■ Directions for this task:
Repeat word for word the lines starting at the one with "Lim Seng Kai" and ending at the final line of the material, both ends included; omit pictures.

■ Provided data:

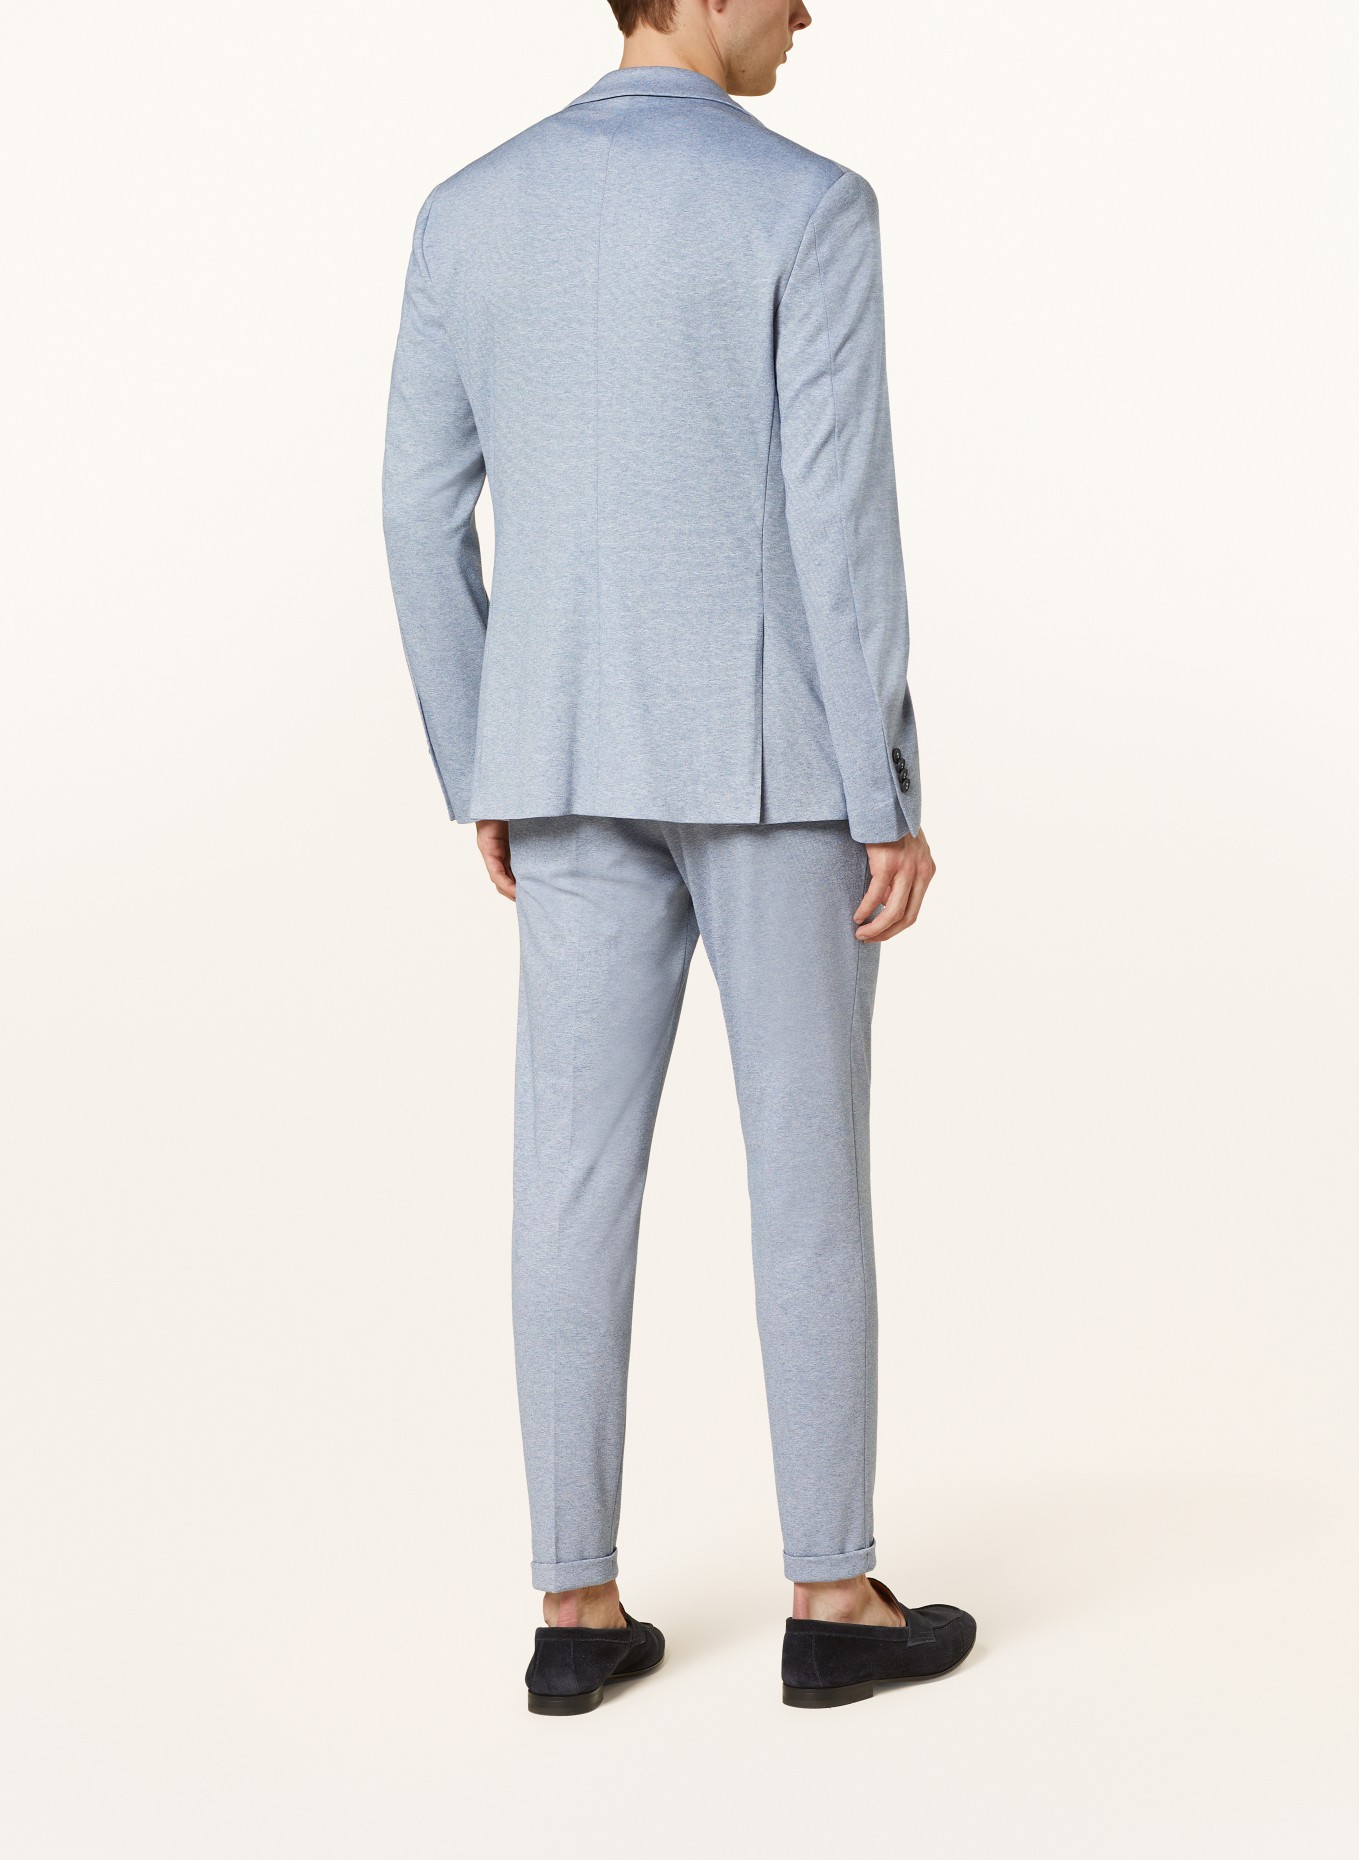 CINQUE Anzugsakko CIDATI Extra Slim Fit aus Jersey, Farbe: 68 dunkelblau (Bild 3)
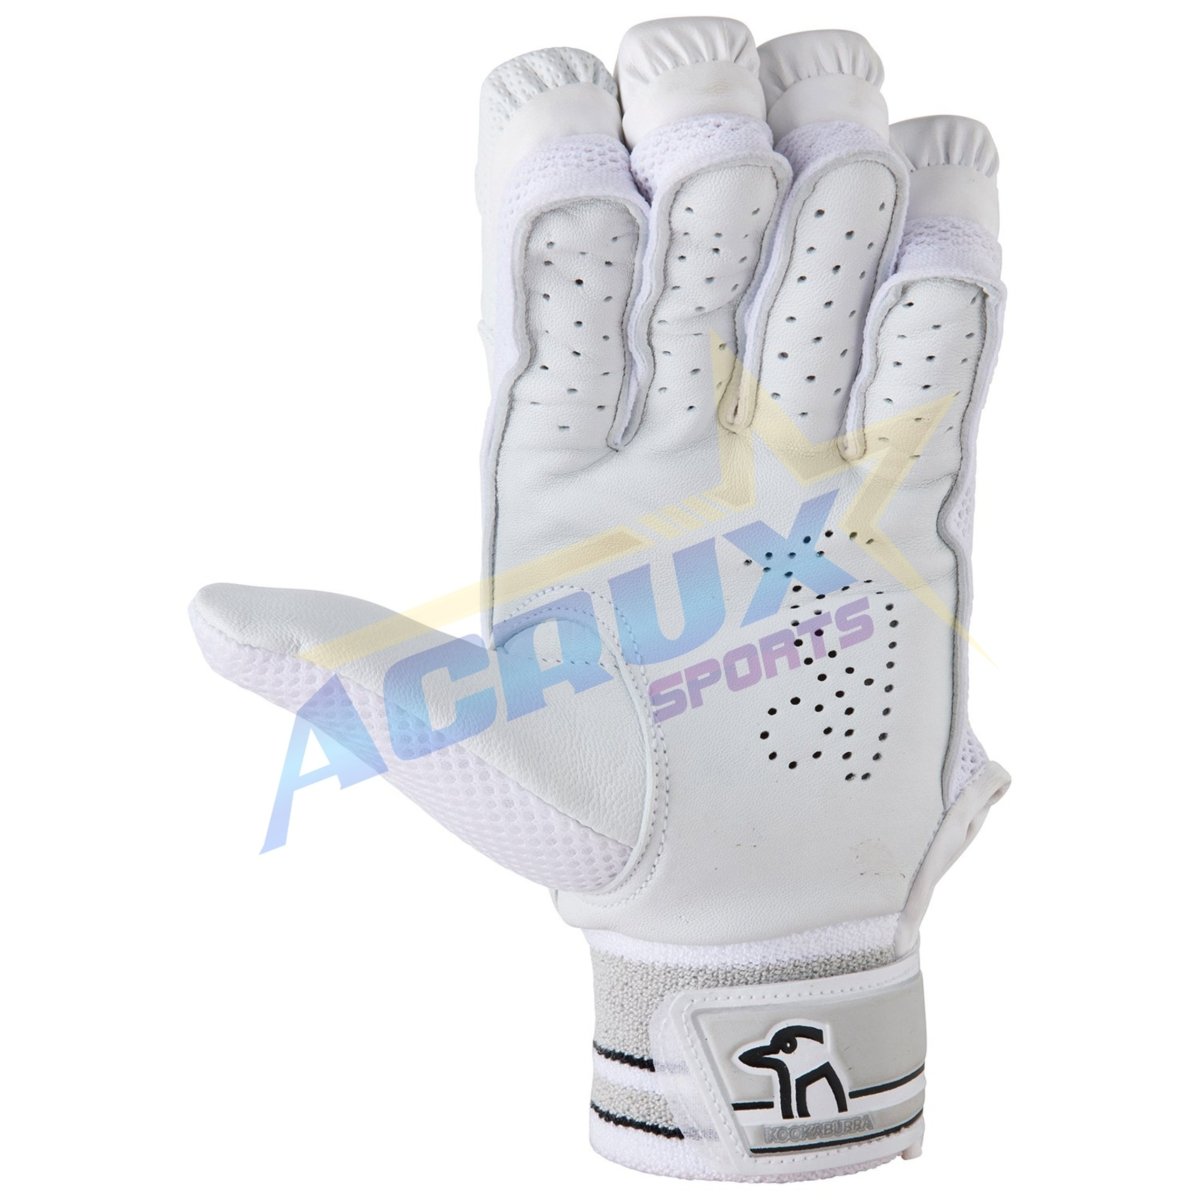 Kookaburra Ghost Pro 4.0 Cricket Batting Gloves
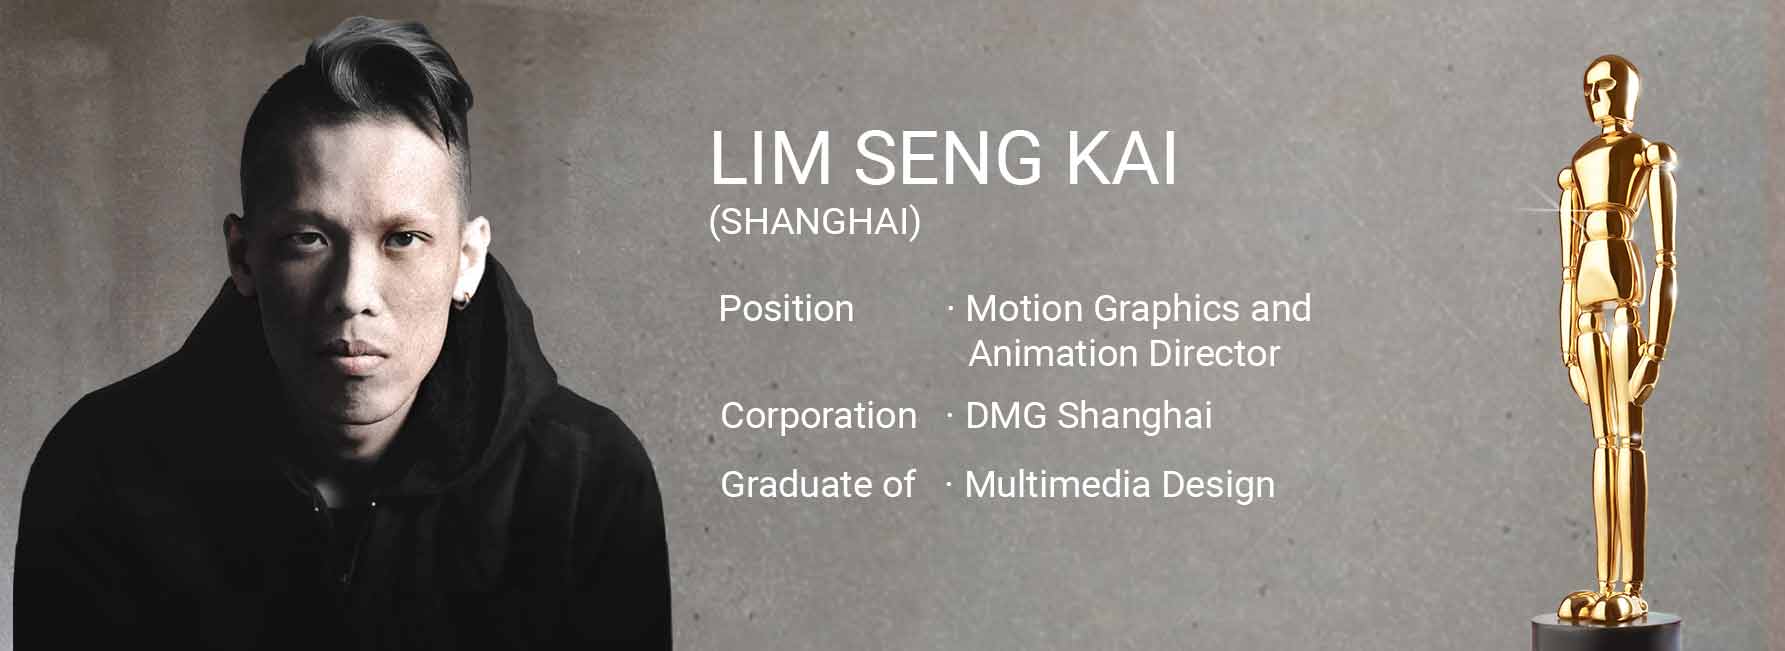 Lim Seng Kai
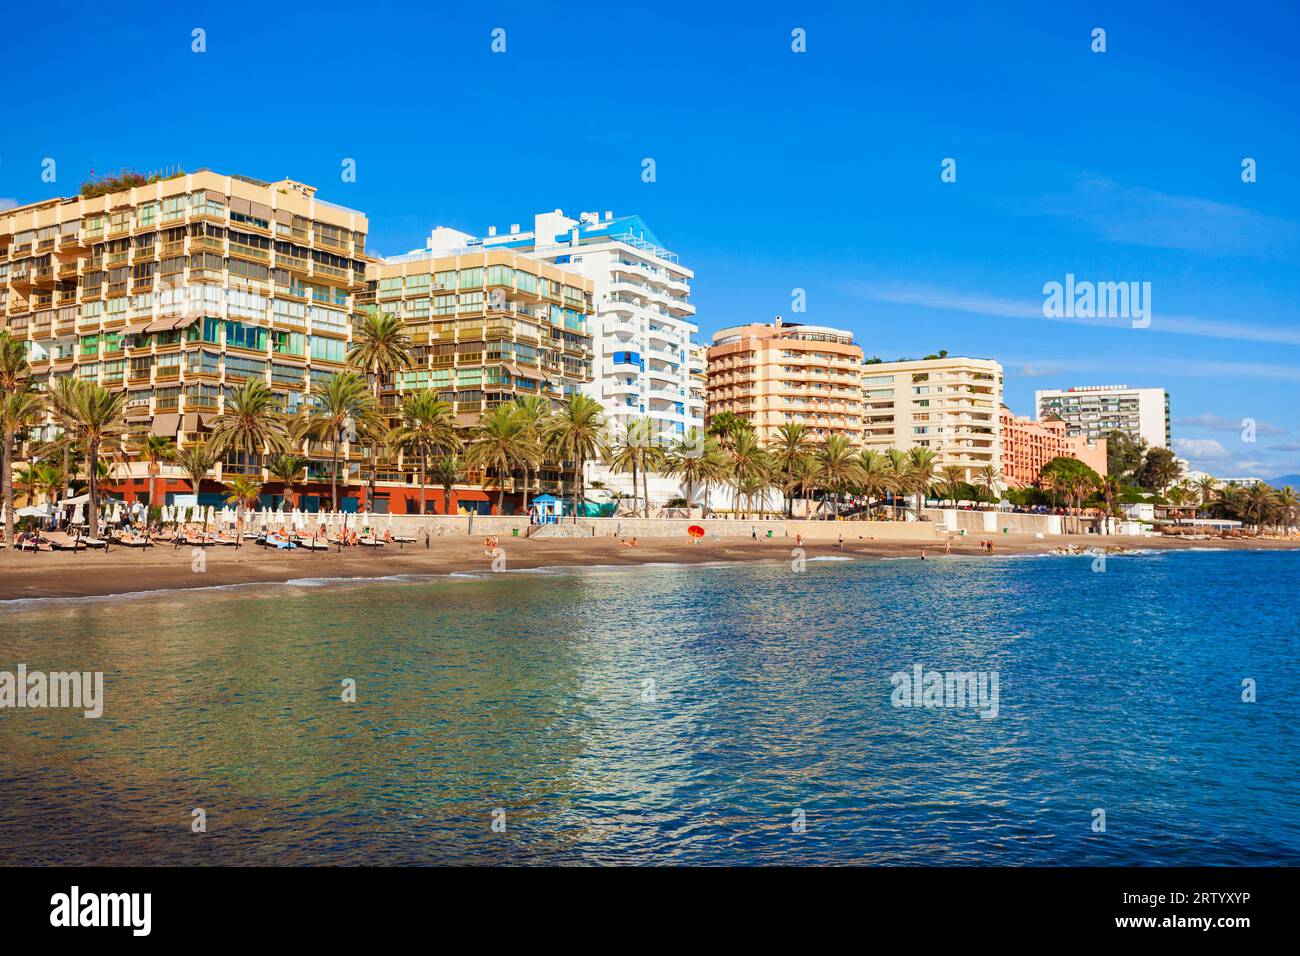 Plage de Marbella. Marbella est une ville de la province de Malaga en Andalousie, Espagne. Banque D'Images

■ Solution to this task:
 Lim Seng Kai
 Plage de Marbella. Marbella est une ville de la province de Malaga en Andalousie, Espagne. Banque D'Images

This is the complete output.